Web The use of grappling is actively increasing , Especially in large e-commerce companies ,Web Crawling is a collection of data to compete , Ways to analyze competitors and research new products .Web Crawling is a way to extract information from a website . In this article , Learn how to create based on Python The scraper . Delve into code , See how it works .
Multi person learning python, I don't know where to start .
Many people study python, After mastering the basic grammar , I don't know where to look for cases to start .
A lot of people who have done cases , But I don't know how to learn more advanced knowledge .
So for these three kinds of people , I will provide you with a good learning platform , Get a free video tutorial , electronic text , And the source code of the course !??¤
QQ Group :1057034340
In today's big data world , It's hard to track what's going on . For companies that need a lot of information to succeed , The situation has become more complicated . But first of all , They need to collect this data in some way , That means they have to deal with thousands of resources .

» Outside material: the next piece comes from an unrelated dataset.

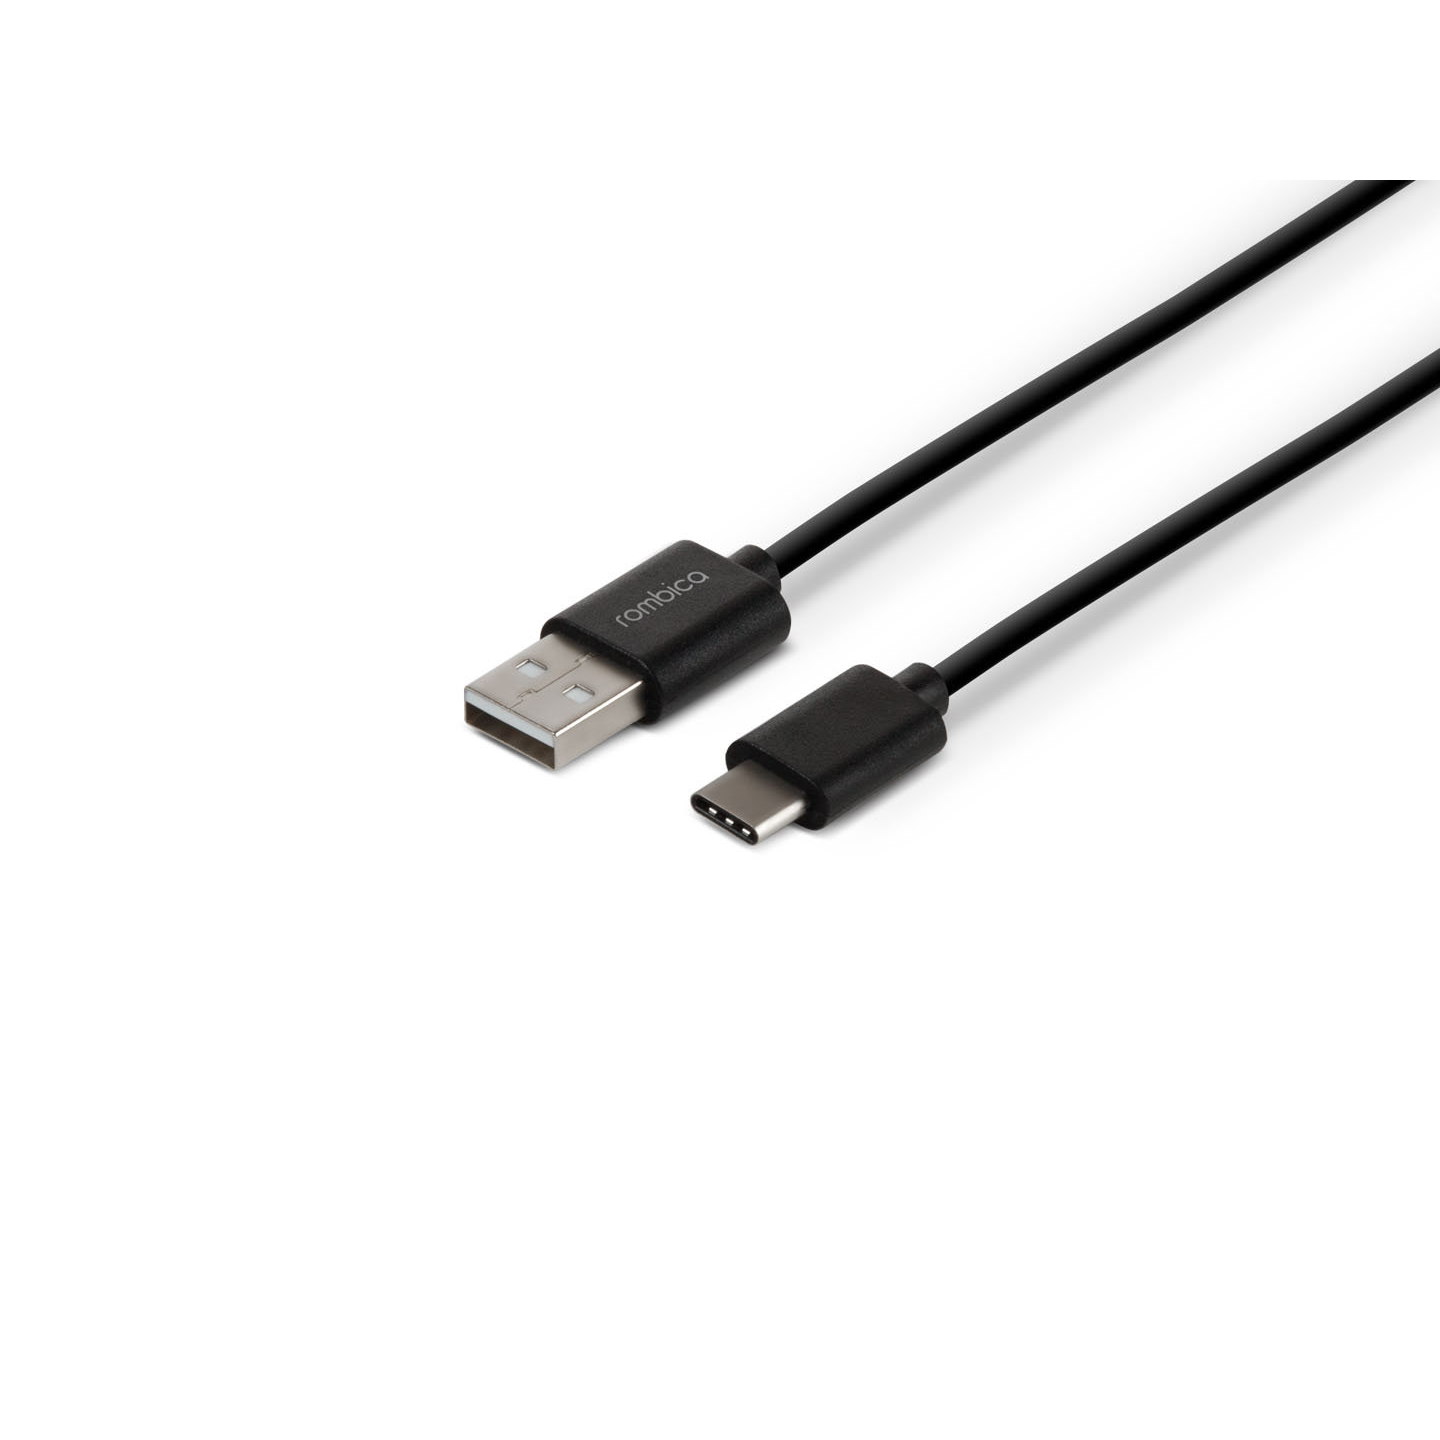 Кабель Rombica Digital CR-01, USB - USB Type-C, пластик, 1м, черный кабель rombica digital mr 01 blue 1

There are two ways to collect data . You can use API Services provided by media websites , This is the best way to get all the news . and ,API Very easy to use . Unfortunately , Not every website offers this service . And then there's the second way - web capture .
What is web crawling ?
It's a way to extract information from a website .HTML A page is just a collection of nested tags . Labels form a certain kind of tree , Its root is <html> In the label , And divide the page into different logical parts . Each tag can have its own descendants ( Sub level ) And the parent .
for example ,HTML The page tree can look like this :
To deal with this HTML, You can use text or trees . Bypassing this tree is web crawling . We'll only find the nodes we need in all this diversity , And get information from it ! This approach focuses on unstructured HTML Data is transformed into easy-to-use structured information into a database or worksheet . Data grabbing requires a robot to collect information , And pass HTTP or Web Browser connected to Internet. In this guide , We will use Python Create a scraper .
What we need to do :
- Get the page from which we want to grab data URL
- Copy or download from this page HTML Content
- Deal with this HTML Content and get the data you need
This sequence allows us to pop up the required URL, obtain HTML data , It is then processed to receive the required data . But sometimes we need to go to the website first , Then go to a specific web site to receive data . then , We have to add another step - Log in to this website .
Matching
We will use Beautiful Soup Library to analyze HTML Content and get all the necessary data . This is grabbing HTML and XML Excellent documentation Python package .
Selenium The library will help us get the crawler into the website and go to the required URL Address .Selenium Python It can help you perform things like clicking a button , Input content and other operations .
Let's delve into the code
First , Let's import the library we're going to use .
- # Import library
- from selenium import webdriver
- from bs4 import BeautifulSoup
then , We need to show the browser driver Selenium How to start a web browser ( We will use... Here Google Chrome). If we don't want robots to show Web The browser's graphical interface , Will be in Selenium Add “ headless” Options .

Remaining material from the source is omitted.